Education: District sending adjudicated students to CEP | News | Pittsburgh | Pittsburgh City Paper

Education: District sending adjudicated students to CEP

Pittsburgh Public School officials admit they didn't do their homework when they sent court-supervised students to the North Side's Community Education Partners, a school for students with learning and disciplinary problems.

According to Dr. Kaye Cupples, the district's executive director of support services, four students in grades 6 through 8 were mistakenly sent to CEP, a private Nashville-based alternative education company that has accepted roughly 250 of the most behaviorally challenging students from the Pittsburgh Public Schools. CEP's contract with the district expressly prohibits adjudicated students (minors under court supervision as a result of being charged with a crime) from attending.

"Students referred [to CEP] will not include those who are adjudicated," the contract states.

"We erred in sending those four students," Cupples says. "We didn't check to see that they were adjudicated. We should have picked it up."

Cupples says there are about eight other middle-grade students under court supervision currently attending CEP at the North Side's former Clayton Academy building, but since they were charged with crimes while they were at the school, the district is allowed to keep them there.

The contract's wording appears to be a significant source of confusion amongst district and CEP officials.

According to Cupples, it was the district's choice to include such language in the contract, since the district planned on sending children who are under court supervision to the Academy Charter School in Carrick, which is specifically designed for such students. But, he says, the Academy is only chartered for students in grades 9-12. That leaves adjudicated student grades 6-8 with no place to go.
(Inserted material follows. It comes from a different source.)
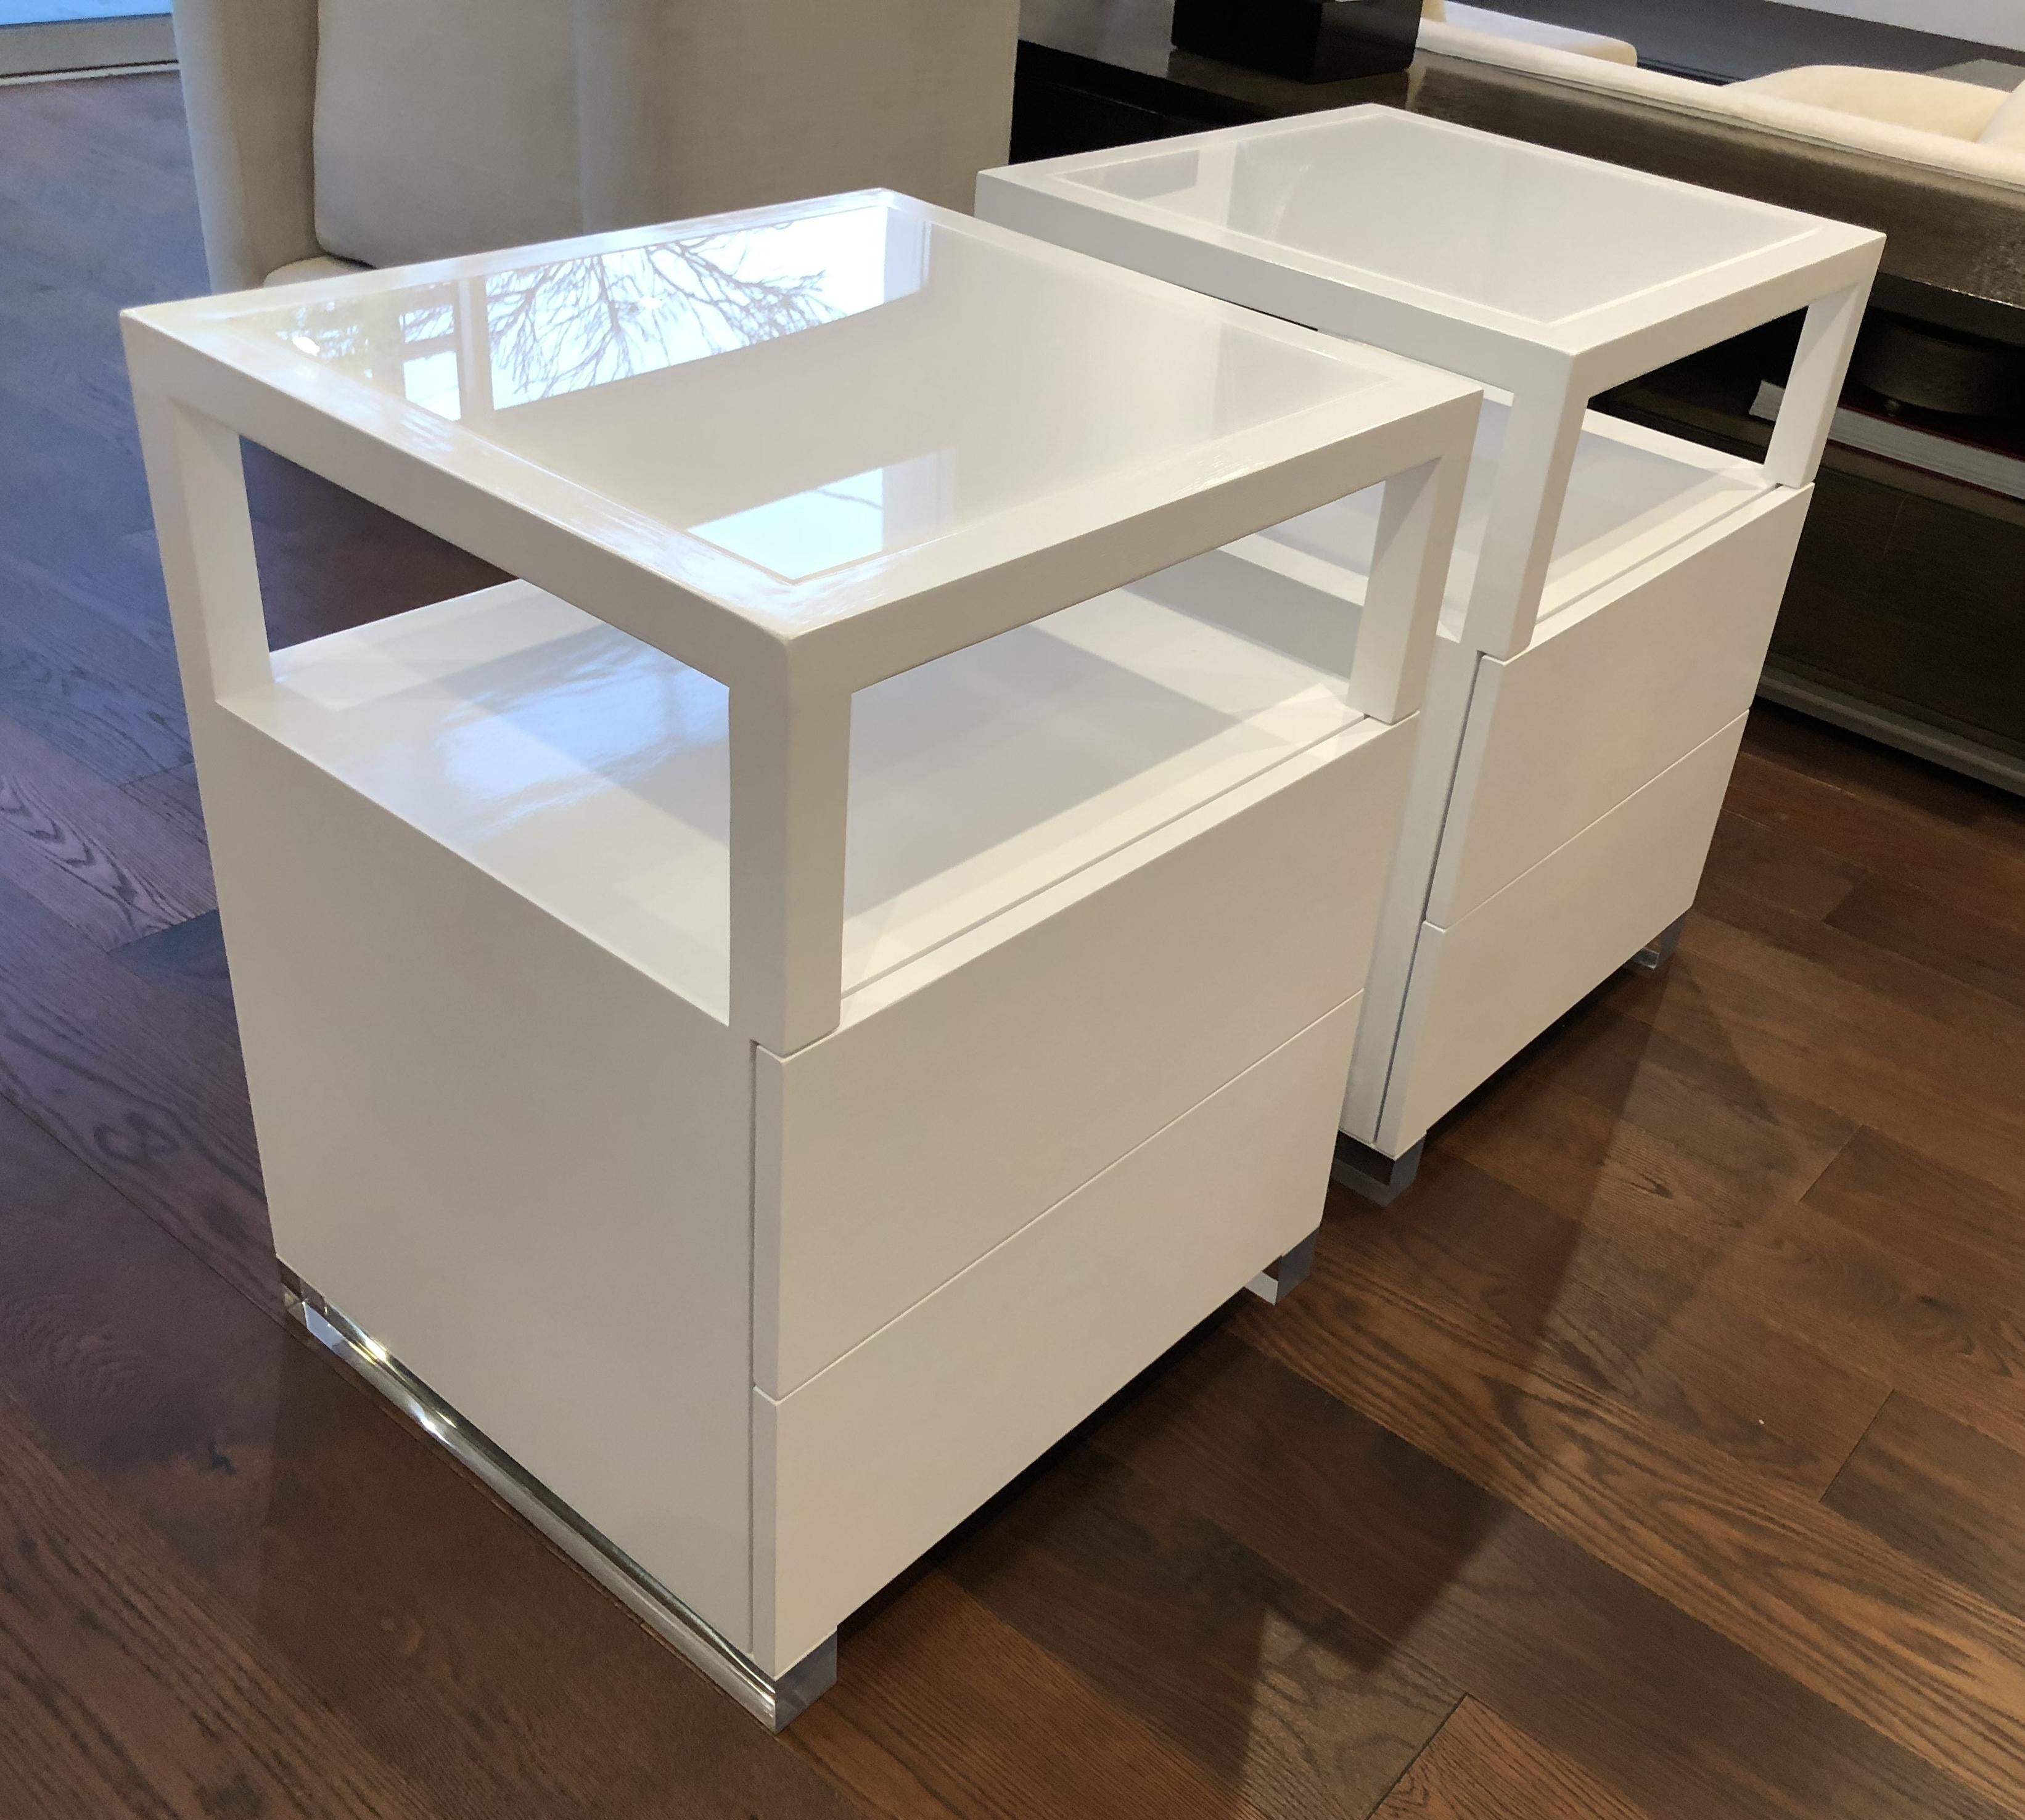 American Pair of Custom White Lacquer and Lucite Nightstands by Cain Modern For Sale

"You can't leave these children at home," says district solicitor Ira Weiss, who acknowledges that the district was in breach of its contract with CEP. Sending them to CEP "is the best alternative of a lot of bad alternatives."

And, he adds, "CEP did not object to this."

"The language in the contract should have been clearer," says CEP's Chief Executive Officer Randle Richardson, speaking on the phone from Nashville. "It's OK for us to take students in the middle school [grades].

"My understanding is that we're not supposed to take students who should go to the Academy."

Cupples says that the four adjudicated students who were accidentally sent to CEP will remain at the school for the remainder of the year, since "We feel that the interventions [CEP] is providing are appropriate."

Richardson says that's fine with him, particularly since CEP is capable of handling those students.

"The education is the same whether they are adjudicated or not," he says, adding that CEP has been accepting students under court supervision since its inception more than 10 years ago.

Some board members have started scrutinizing CEP's work with the district's troubled students in recent weeks, since there have been numerous reports concerning violence in the building [See City Paper "School of Hard Knocks," Feb. 14, and "Board of Education members concerned with violence at CEP," March 6].

Although both sides have settled the contract breach, board member Randall Taylor says it's still disconcerting.

"The board was told that [sending adjudicated students to CEP] would not occur," he says. "The question is, how did that occur?"